The Secret to a Successful Crowdfunding Campaign

It pays to be prepared. When it comes to crowdfunding, there is no such thing as an overnight success story.

Stu Anderson is a hobby beekeeper from the Northern Rivers region in New South Wales who, in 2015, ran a record-breaking crowdfunding campaign with his son Cedar to launch Flow Hive, a honey harvesting system they had invented.

His advice to entrepreneurs who want to launch a crowd-sourced funding (CSF) campaign is to allow for six-months’ planning – at least. “If you go in unprepared, you’ll have a failure on your hands.”
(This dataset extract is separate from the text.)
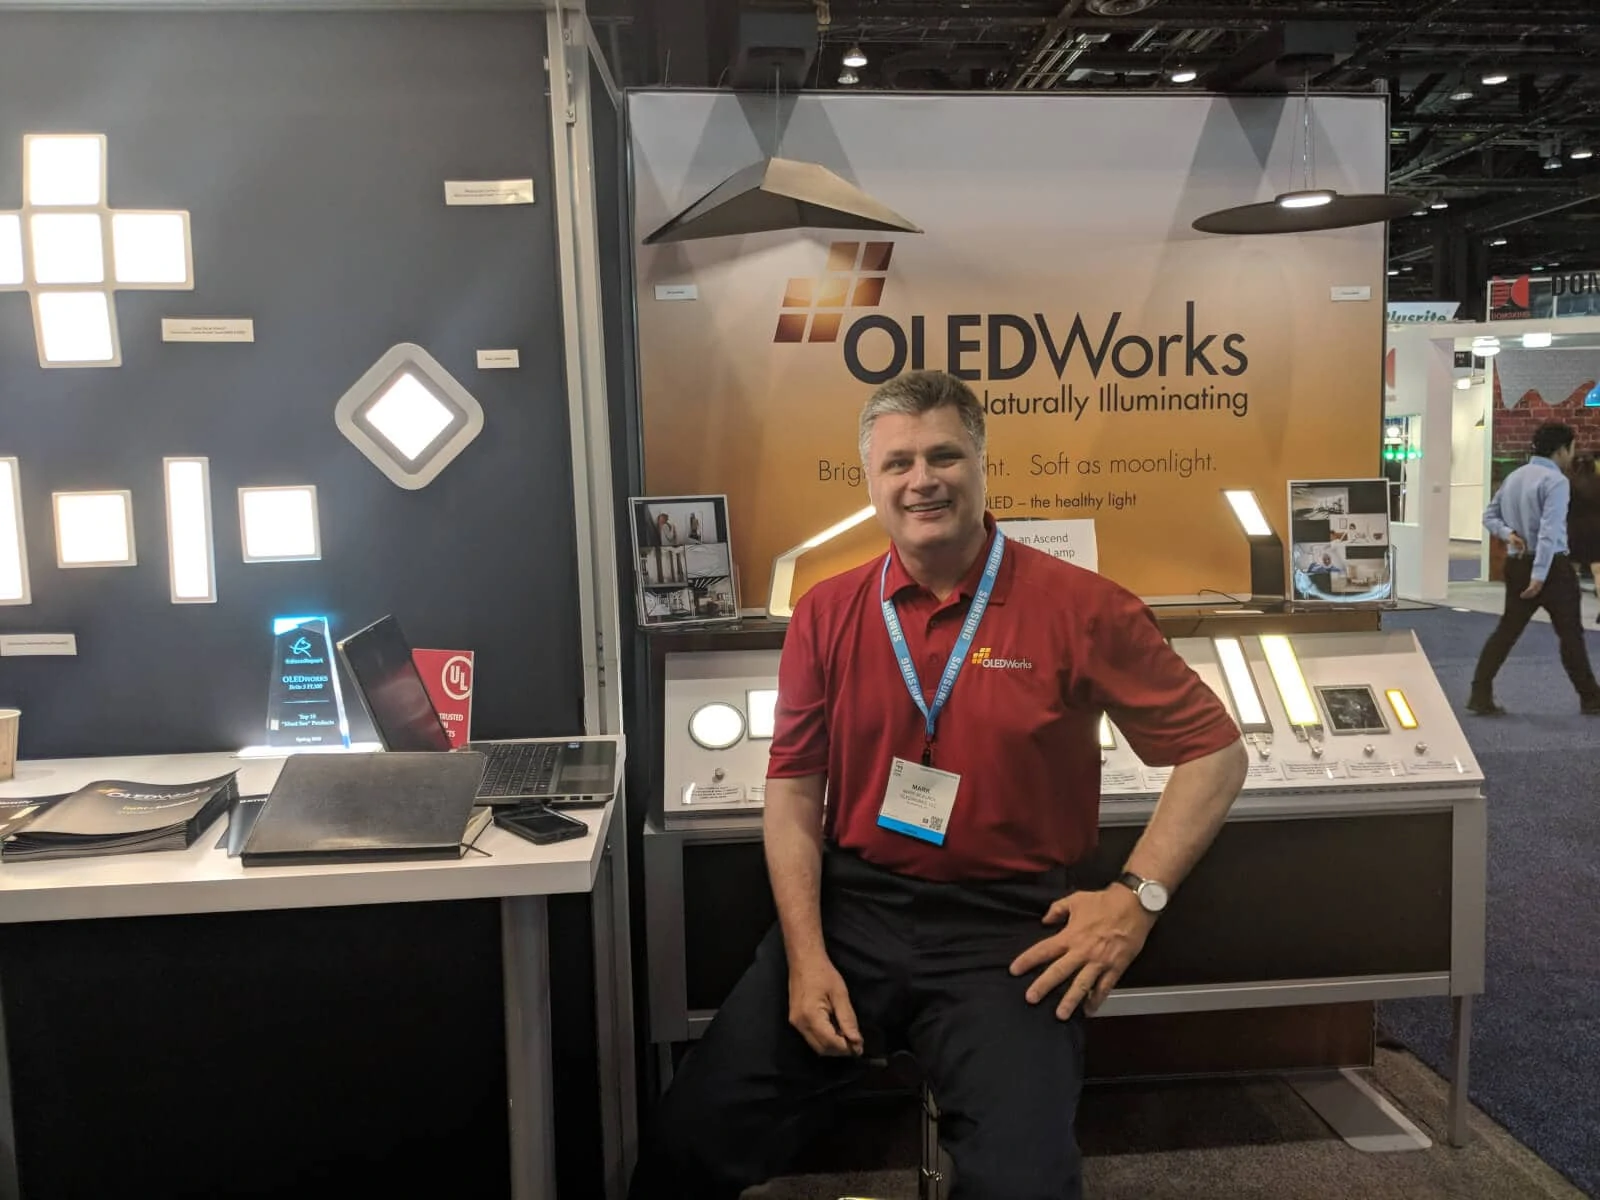 National Accounts Manager Mark McElroy at OLEDWorks booth at Lightfair 2018

The idea of the third space

 

In recent history, entrepreneurs looking for seed capital have congregated in large numbers in places like Silicon Valley in search of the ultimate prize of VC investment. In this competitive environment, success often relies on access to exclusive networks rather than a concept’s merit.
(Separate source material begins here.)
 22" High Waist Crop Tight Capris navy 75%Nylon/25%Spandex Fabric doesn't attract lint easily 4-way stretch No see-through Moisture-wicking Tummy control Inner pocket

Crowdfunding has emerged as an alternative source of funding that is open to anyone, regardless of geography or connections. “Crowdfunding appears to be democratising access to capital among a larger pool of innovators,” Vanessa Assenova, a professor in management at Wharton, says in an episode of the Knowledge@Wharton podcast.

“If you have a great idea, going on a platform like Kickstarter can give you great visibility — not just among the crowd and the backers who can identify and screen these potential ideas, but your success on one of these platforms can subsequently attract venture capitalists to your area and to your types of projects and ideas.”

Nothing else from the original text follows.